India is going to be present, promote artisanal fishermen’s interests, and facilitate the growth of the fishing sector at the next WTO’s 13th Ministerial Conference (MC13) in Abu Dhabi, which will take place from February 26 to February 29. MC13 addresses that what is prohibited are fisheries subsidies that cause overfishing, putting effort and capacity into it.
The negotiations at MC13 are about cutting back on the development of overfishing, overcapacity, and catching subsidies, among others. The end goal is to improve the structure of the fishing industry. Nevertheless, India conceptually acknowledges that the fisheries subsidies indeed contribute greatly to the growth of the fisheries sector, but there are concerns as to whom the benefits of these subsidies go.
India supports the CBDR principle and their respective capabilities with a 25-year transition period for developing nations so as to enable them to mitigate the livelihood and food security crises among the poor.
The fisheries subsidies’ draft text released by the WTO in December 2023 covers the necessity for sustainable conditions on fisheries pre-subsidy of fish stocks, which seems the need of the hour for the future. While many fear that the new terms proposed may have a bias towards large industrial fishing nations, developing countries might therefore find themselves being compared unfairly.
Experts point out that the challenges exist in India to show credible sustainable fishing practices and urge the need for firmer obligations from those major subsidizers with a history of large-scale subsidies. Likewise, India offers its support for a phase-out of not only the de minimis threshold but also a special category of classification for economies that are not least developed or exempt.

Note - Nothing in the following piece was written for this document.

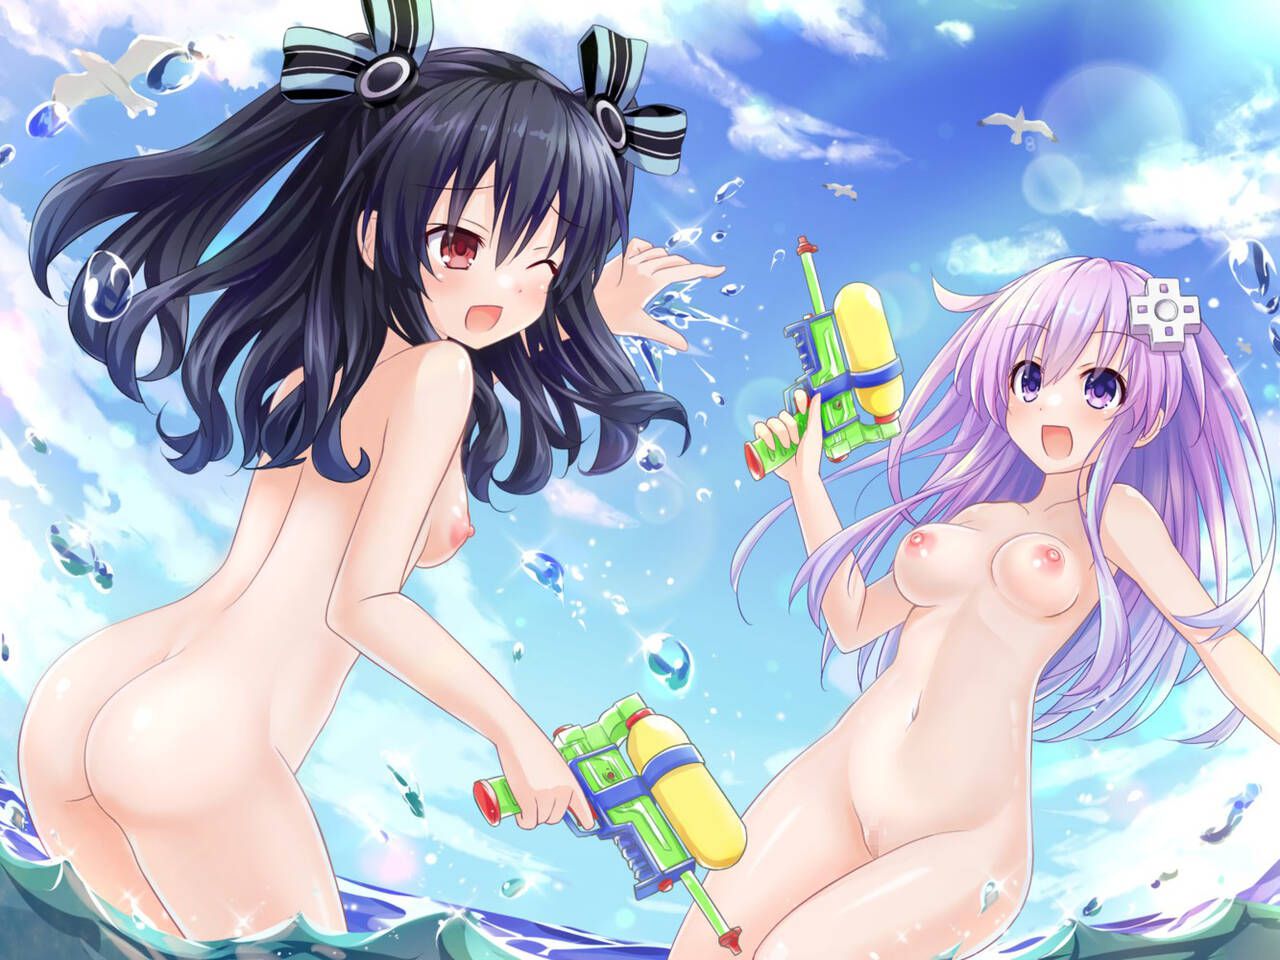 [Naked Kora] Let's change the official anime illustration to erotic illustrations Part 2 27

On one hand, there is an anxiety about subsidies only being advantageous to financially strong fishers, while, on the other hand, the stakeholders insist on the importance of subsidies to sustain small-scale fishers toward economic sustainability. India embarks on MC13 with a keen eye to walk the thin line between fisheries subsidies and conservation of the wild fish stock. It will endeavor to prioritize artisanal fishers along with sector growth as it strives for a persistent role in fish trade at the global stage.